Health Homes HIPAA Billing

Health Homes HIPAA Billing Enrollement Guidelines (EmblemHealth)

Health Homes HIPAA Billing Enrollement provides receiving direct deposits to your bank account(s) with electronic remittance advice (ERA) through electronic funds transfers (EFT). The registration process is simple, secure, and takes just moments to complete:

  1. Step 1: Have available a recent EmblemHealth Explanation of Benefits (EOB) and, either a voided check, or a letter from your bank listing the account name, account number, account type and bank routing number for each of your practice’s bank accounts used to receive electronic payments.
  2. Step 2: Go to PNC Remittance Advantage at
  3. Step 3: Select the “Register for Portal and Online Payment Services” link on the upper left side of your screen.
  4. Step 4: Register for the website with your email address, your practice’s tax identification number, and your Provider ID, found on your EmblemHealth EOB.
  5. Step 5: For larger practices, add all of your practice’s payees and organize them according to bank account, location, personnel, or whatever is appropriate for your practice.
  6. Step 6: Enter your bank account information and upload a scanned image of your voided check or bank letter.

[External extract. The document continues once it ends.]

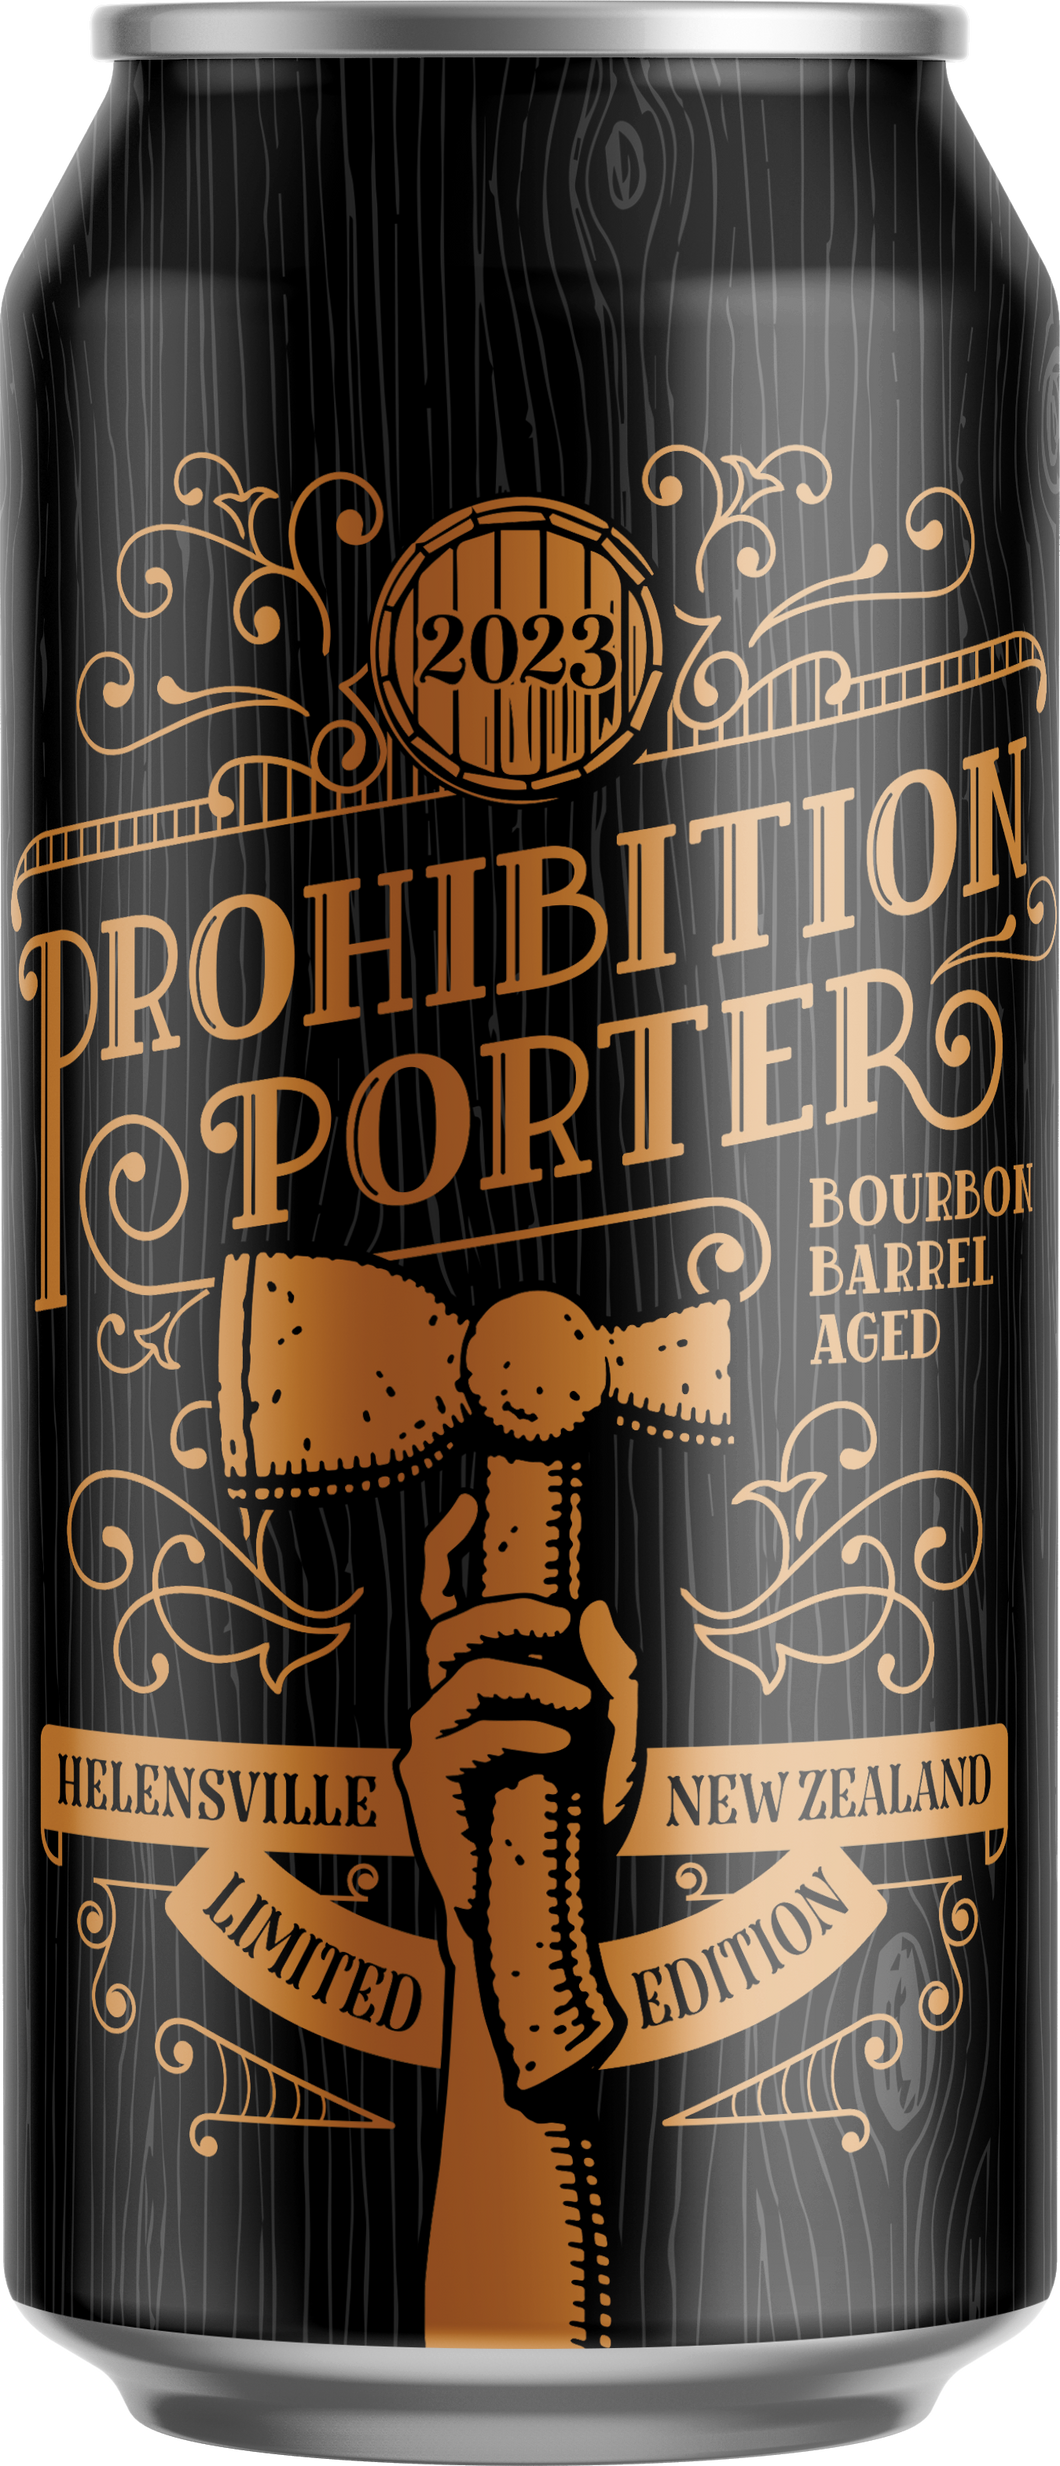 Prohibition Porter (2023 vintage)

  7. Step 7: Associate each payee group with a bank account, and then submit your enrollment form online.
  8. Step 8: Allow two weeks to validate the bank account information before receiving electronic payments and remittance advices.
  • The UB-04 may be used when applicable and in accordance with plan-specific guidance. If you must use a paper claim, the UB-04 is the correct type of claim form. Please do not use UB-92 or CMS1500 forms.

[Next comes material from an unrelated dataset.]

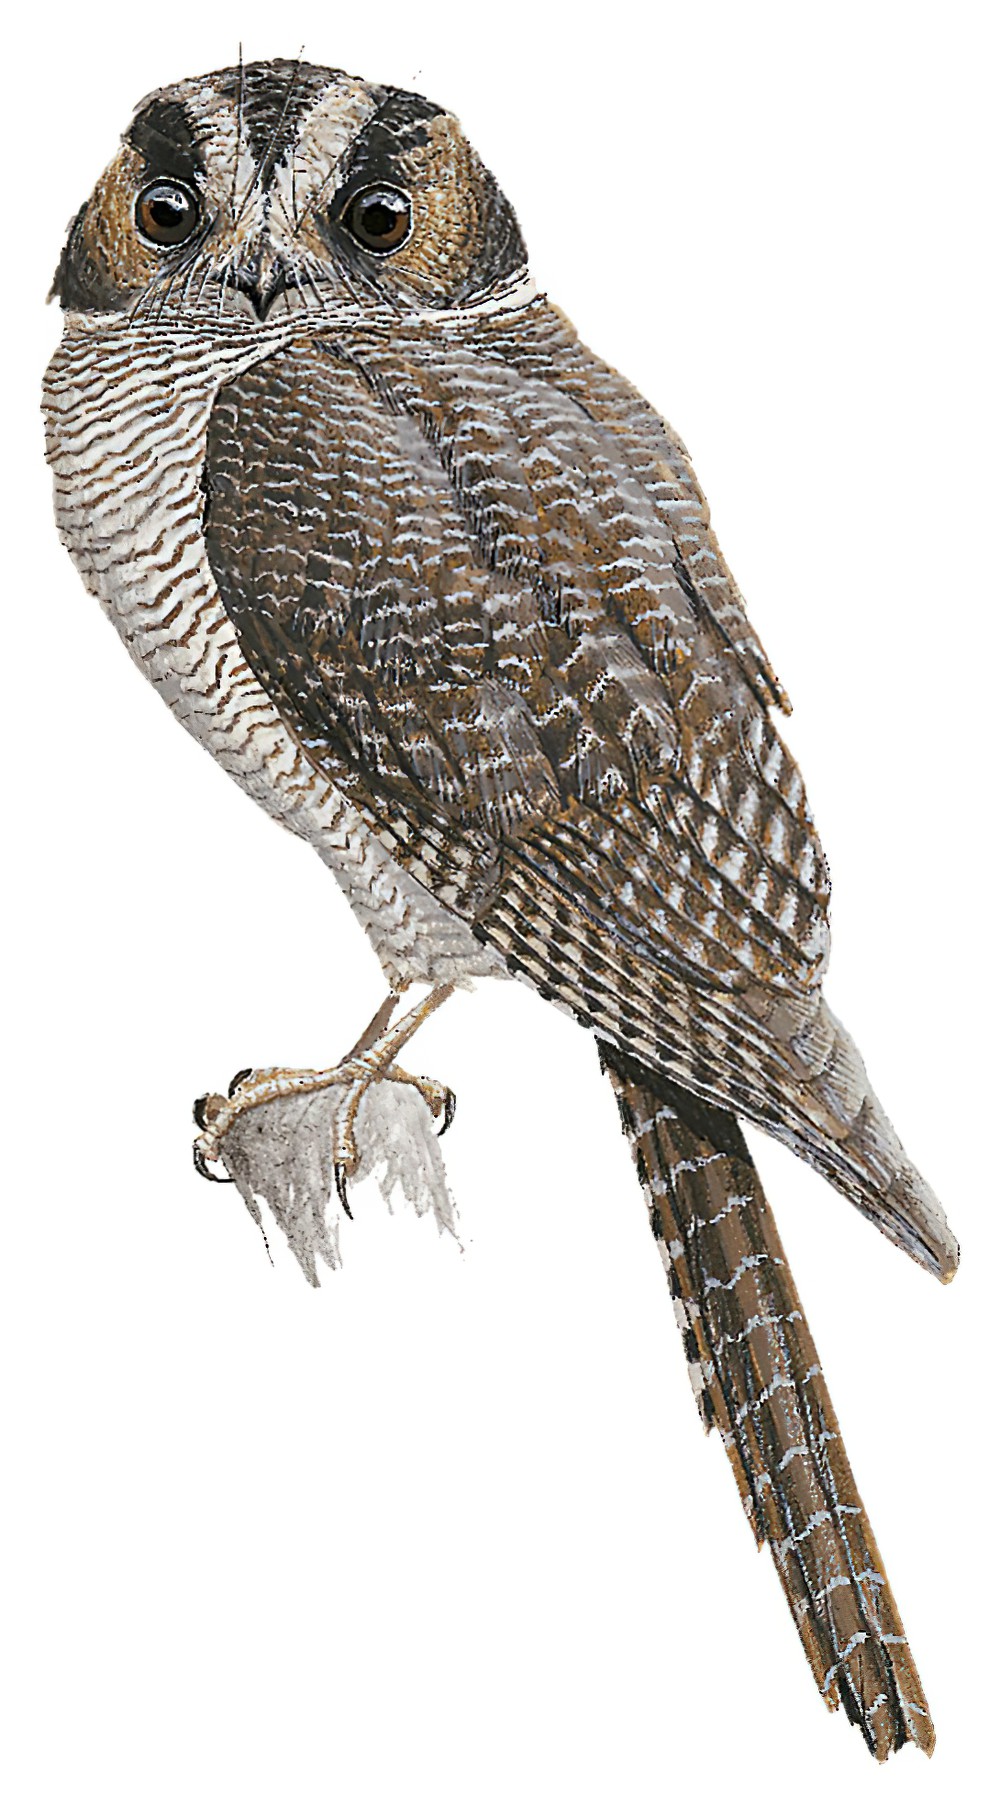 Barred Owlet-nightjar / Aegotheles bennettii

  • The bill type for the UB-04 will be 34x.
  • Services performed on the same date of service and/or same hour should be billed on the same claim.

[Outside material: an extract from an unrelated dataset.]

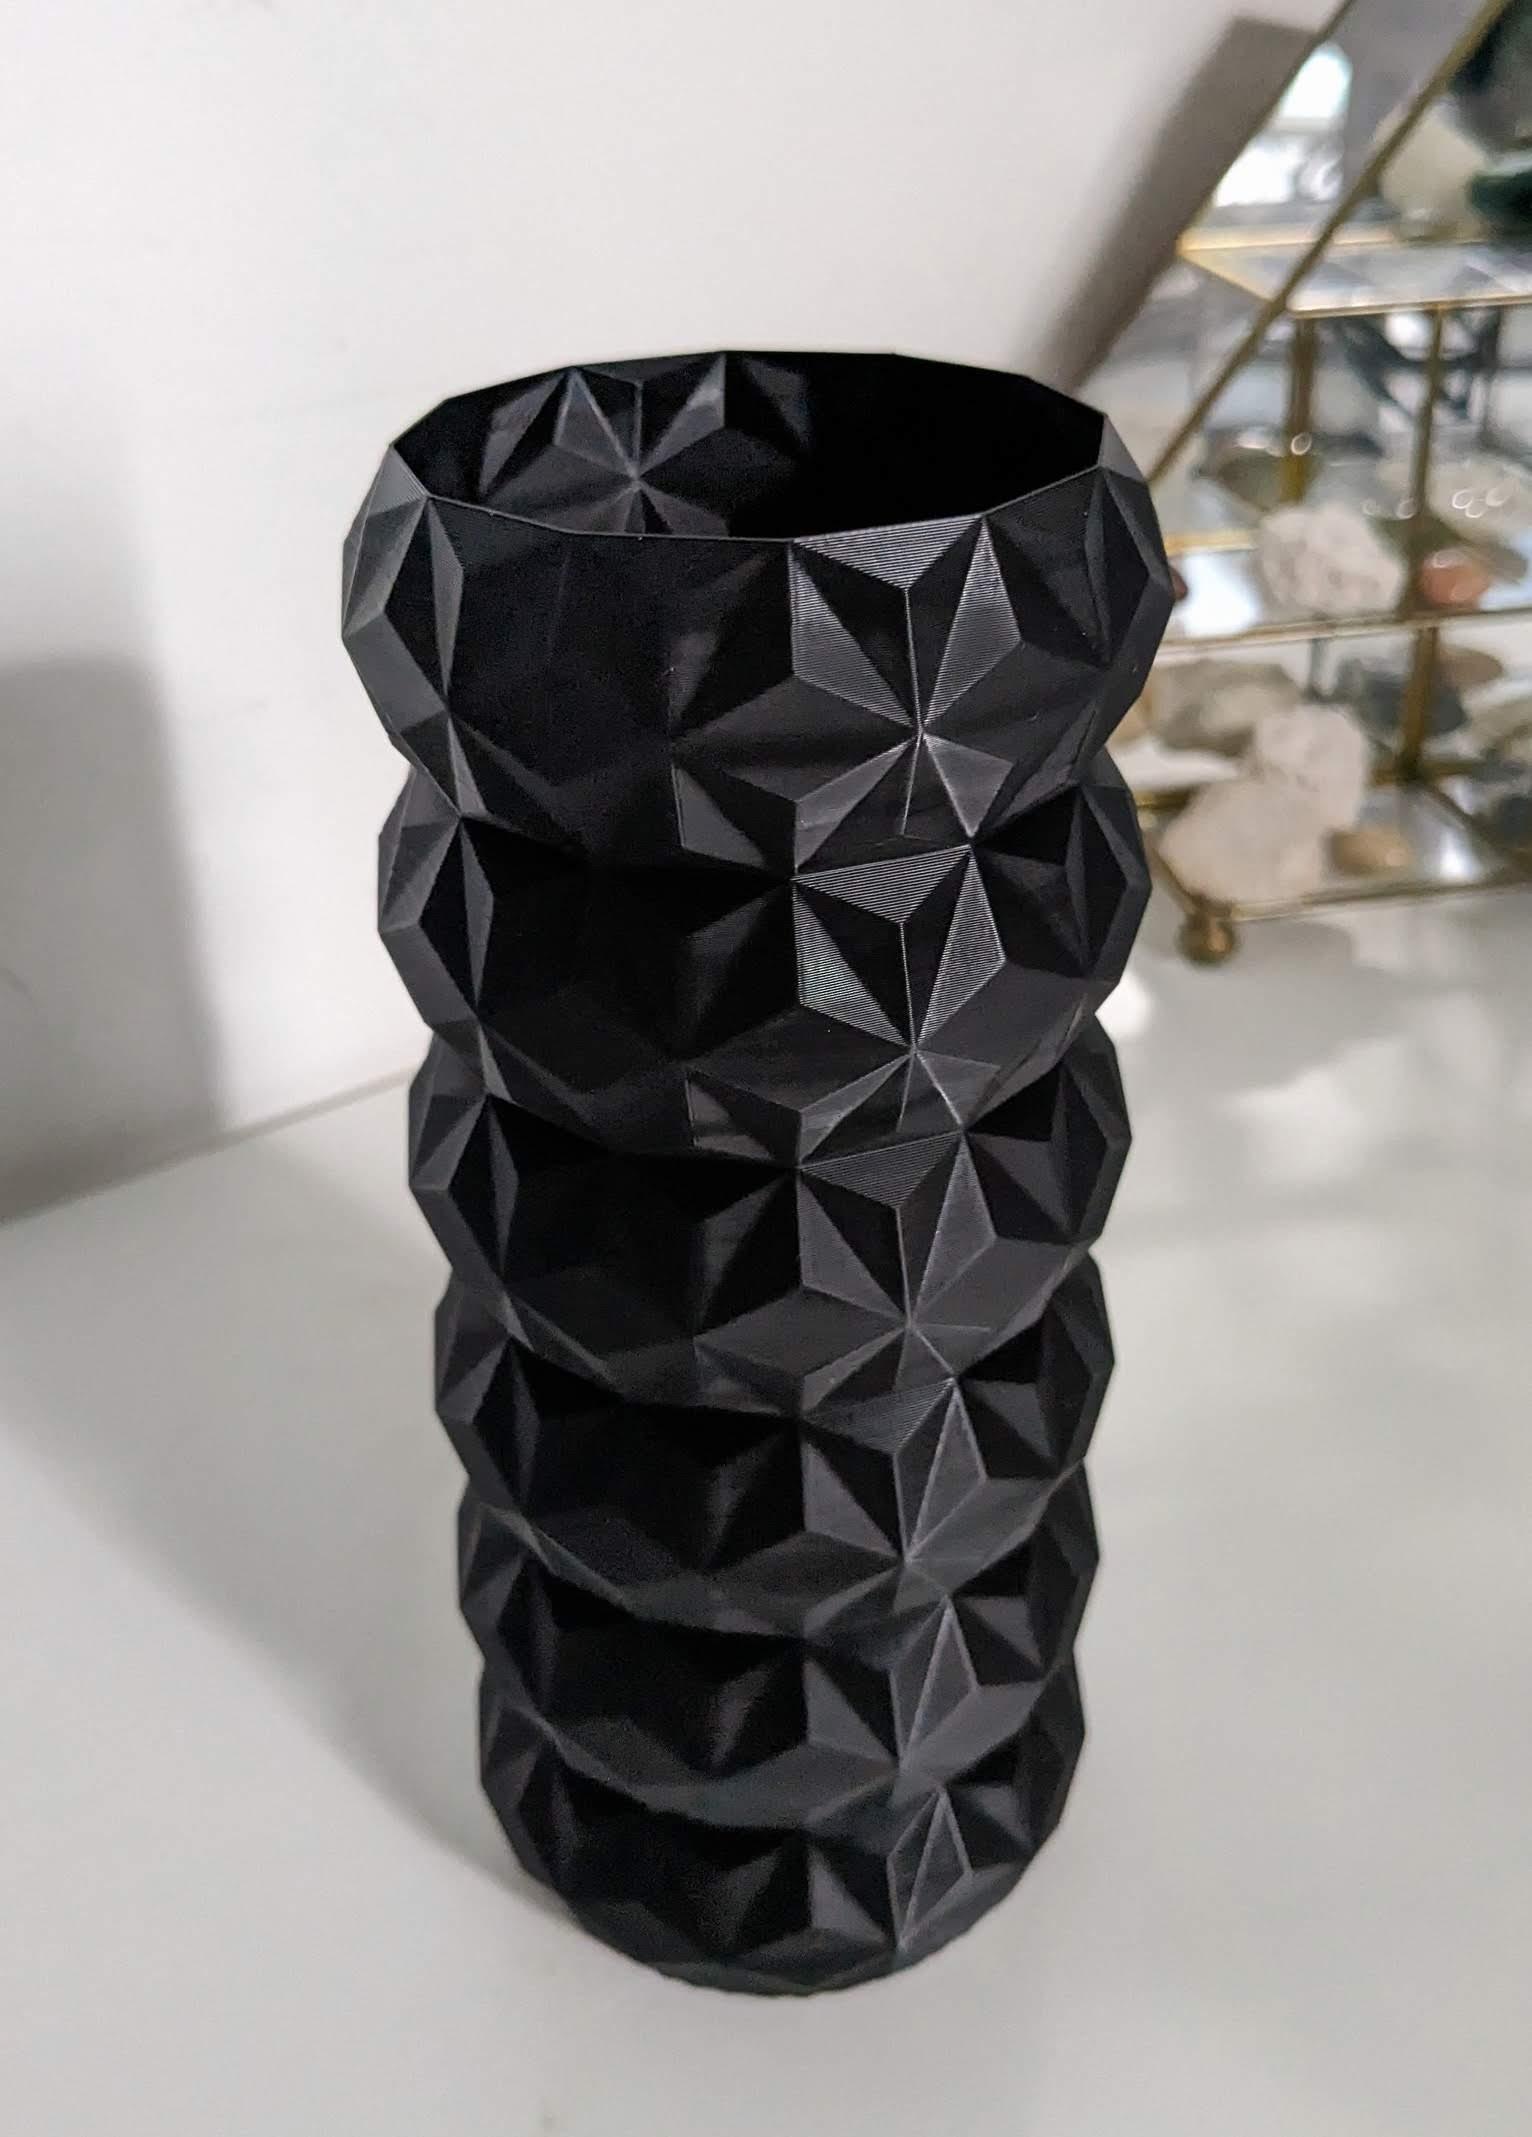 Low poly Vase "off road tire" 3d model

EmblemHealth uses the Medicaid CIN (Client Identification Number) as the member ID number for its Medicaid and HARP members. This is what you should use as the unique identifier. Be sure to bill the units as appropriate for each type of service. National Provider Identifier (NPI) must be used on every claim. According to the NYS Department of Health, NPI will be used to identify Case Management Agencies (CMAs). Supplemental guidance will be issued to accompany the taxonomy grid in Attachment A.